Life is never a happy cruise

There is an entirely different reaction when you open up and tell the other person how you are really feeling. It’s either an uncomfortable silence or the other person will show empathy and maybe even tell you about their own challenge they are currently going through. Those are real moments of authenticity.

Life is not meant to be an easy cruise. We go through moments of happiness, then moments of grief and sadness. There might be current health or relationship challenges. While you are carefully laying out your plans God has a different agenda. Life is living on the edge with constant surprises and detours. But its the challenges and the low moments that force us into introspection. The current Covid-19 crisis and its ripple effects are a typical example.

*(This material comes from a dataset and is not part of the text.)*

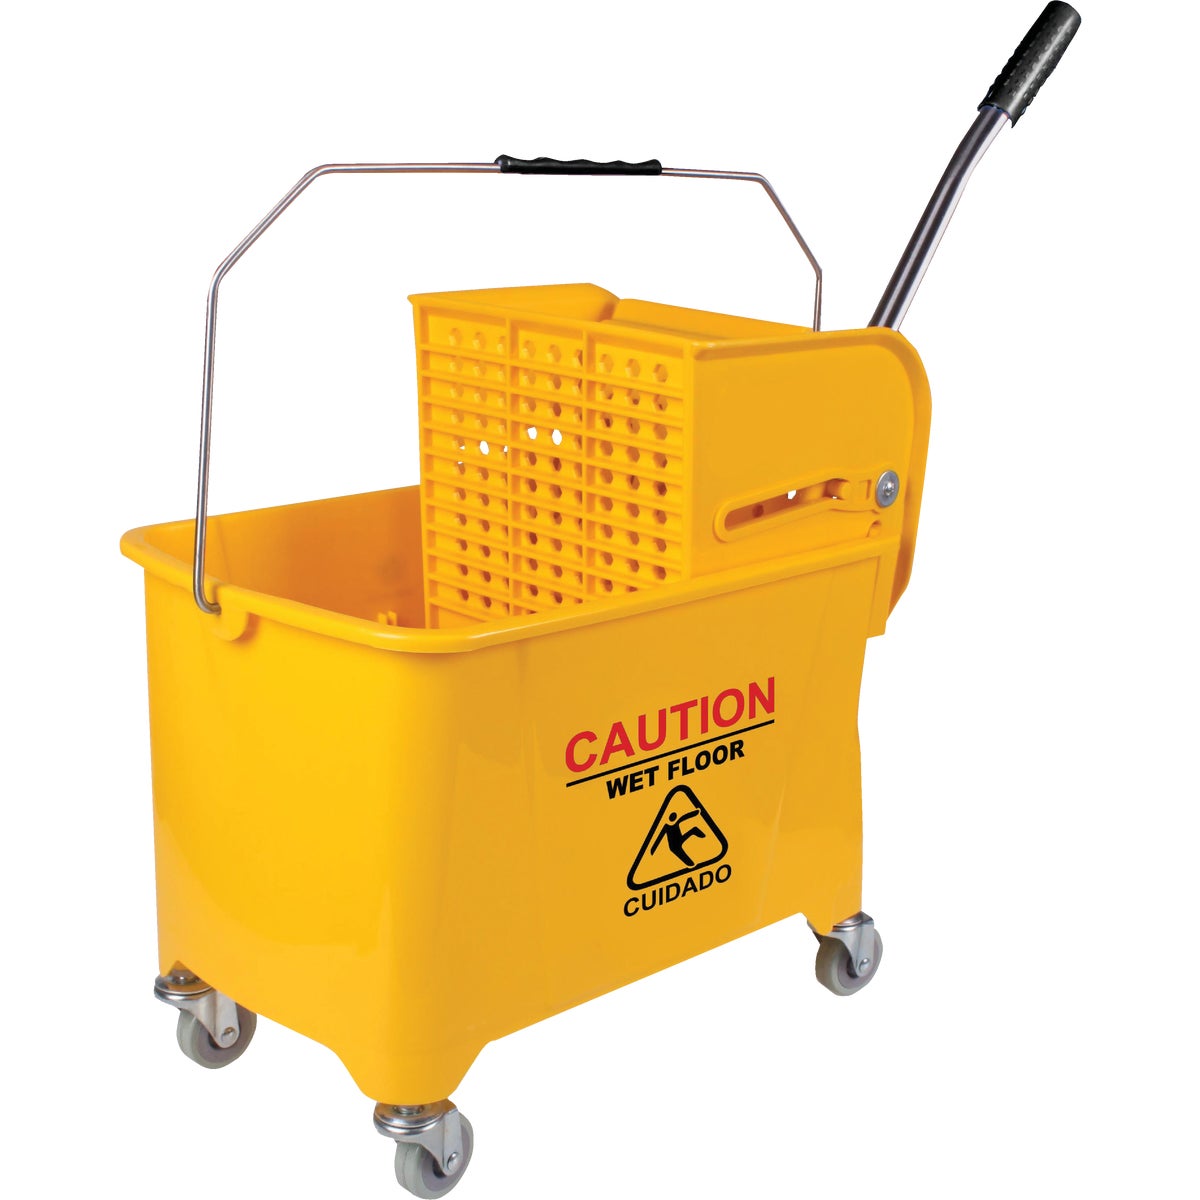 Item 627070, 21-quart, corrosion resistant, yellow compact mopping bucket with wringer.
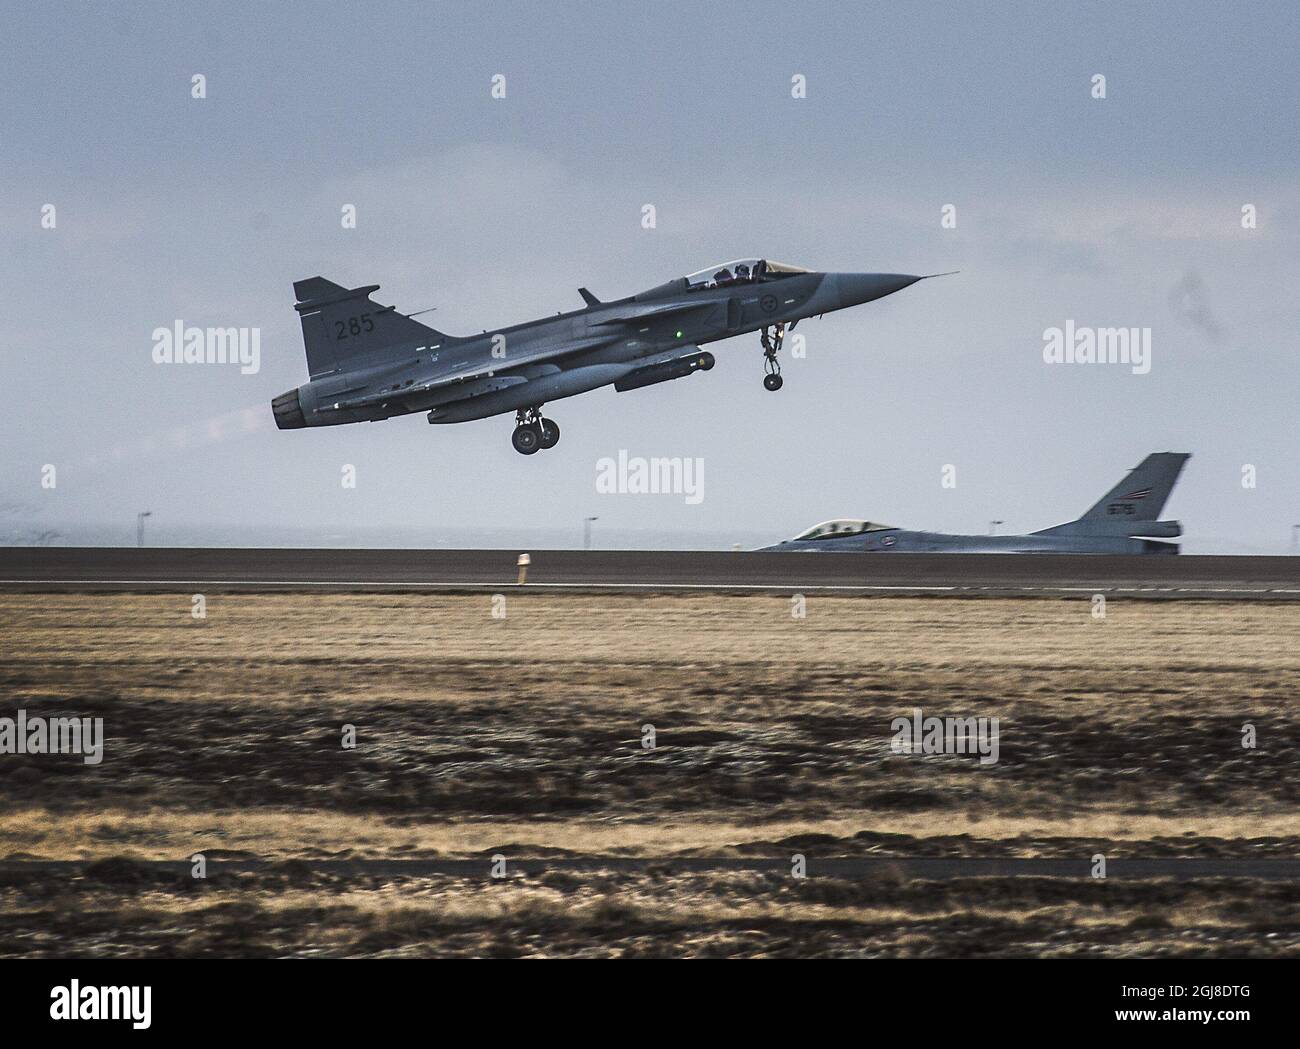 ik ben trots knop Op grote schaal For your files* ICELAND2014-03-24 * Photo date 2014-02-12* A Swedish Airforce  JAS Gripen interceptor is see in during the NATO exercise Iceland Air Meet  in Iceland in February 2014 Foto: Yvonne Asell /

One of the first lessons pilgrims learn when walking the Camino is humility. If you don’t walk the path with humility the path will teach you humility. Physical and emotional pain is part of the process that starts in the early stages of the walk.

This too shall pass

I’ve gotten hopelessly lost just when I felt too sure of myself or did not accept physical boundaries. You plan to walk a certain distance for the day then the weather changes and you have to make different plans or you have to keep on walking because there is no accommodation in the town you had planned to stay for the night.

In the acceptance of life’s ups-and-downs comes the confidence that even in these times of turmoil and great uncertainty is also the certainty that “this too shall pass!”

We know from our own biography that health and financial security can be very fickle. There is no such thing as safe ground. A risk can be reduced but it will not insure you against life’s surprises.

Living through pain and uncertainty 

The challenge is to transmute that pain and to move on. Procrastinating in the sadness on that which has passed and is irrevocably gone prevents you from living the moment and fulfilling your soul purpose.

In accepting and walking through the pain comes the elevation of consciousness. Accepting the setbacks, failures, and mistakes in life is being authentically human. Change and uncertainty are part of LIVING. We aren’t meant to be perfect.  We are mortal beings. As the soul moves on to the next dimension it takes with it new perception and the recognition that everything is Grace.

As the famous German lyric, Rainer Maria Rilke wrote there is not always a solution. It’s living within the question and being patient with everything that remains unresolved in your heart.